Para o líder da minoria na Câmara, deputado José Guimarães (PT-CE), Bolsonaro busca sonegar informação com a medida provisória. “O que ele quer é impedir o acesso à informação. É um direito constitucional de qualquer cidadão brasileiro, seja ele político, empresário, funcionário, qualquer cidadão brasileiro tem o direito de receber todas as informações da administração pública. Por isso a LAI é ancorada no princípio da transparência pública. Portanto essa medida provisória é mais um absurdo que vamos ter que derrotar e devolver ao presidente da República”, disse.

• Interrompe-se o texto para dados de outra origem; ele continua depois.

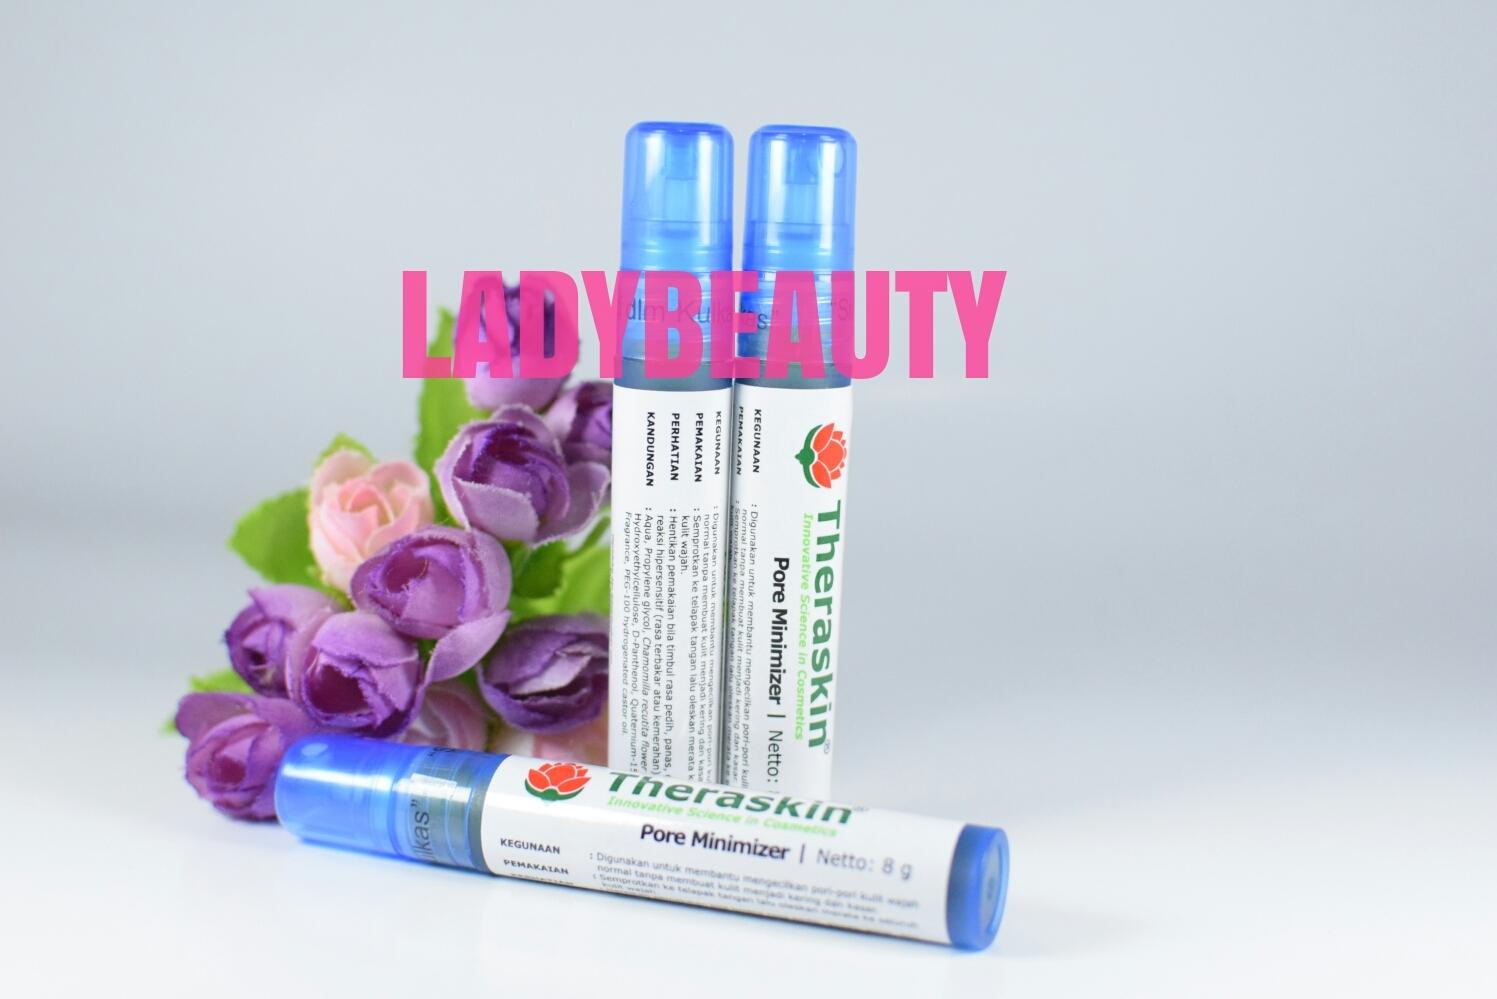 Jual Serum Pengecil Pori Theraskin Pore Minimizer Ladybeauty Untuk Mengecilkan Tokopedia

Governo já tentou alterar Lei de Acesso à Informação

Essa não é a primeira vez que o governo federal tenta limitar os efeitos da Lei de Acesso à Informação. Em janeiro do ano passado, o governo ampliou o número de autoridades que podem tornar informações protegidas pelo período de até 25 anos.

O decreto foi assinado pelo vice-presidente Hamilton Mourão (PRTB), que estava no exercício da presidência. Depois da polêmica, o presidente Jair Bolsonaro revogou a medida.

Revogação da suspensão de contratos de trabalho

A MP que suspende a Lei de Acesso à Informação foi assinada na noite de segunda-feira (23) depois da polêmica envolvendo a autorização do governo federal para que empregadores suspendessem contratos de trabalho por até quatro meses, sem a necessidade de pagamento de salários aos funcionários nesse período.

A MP também trazia uma série de medidas para regulamentar o home office no período de quarentena causada pelo coronavírus, antecipação de férias, concessão de férias coletivas, pagamento de FGTS e adiantamento de abono salarial.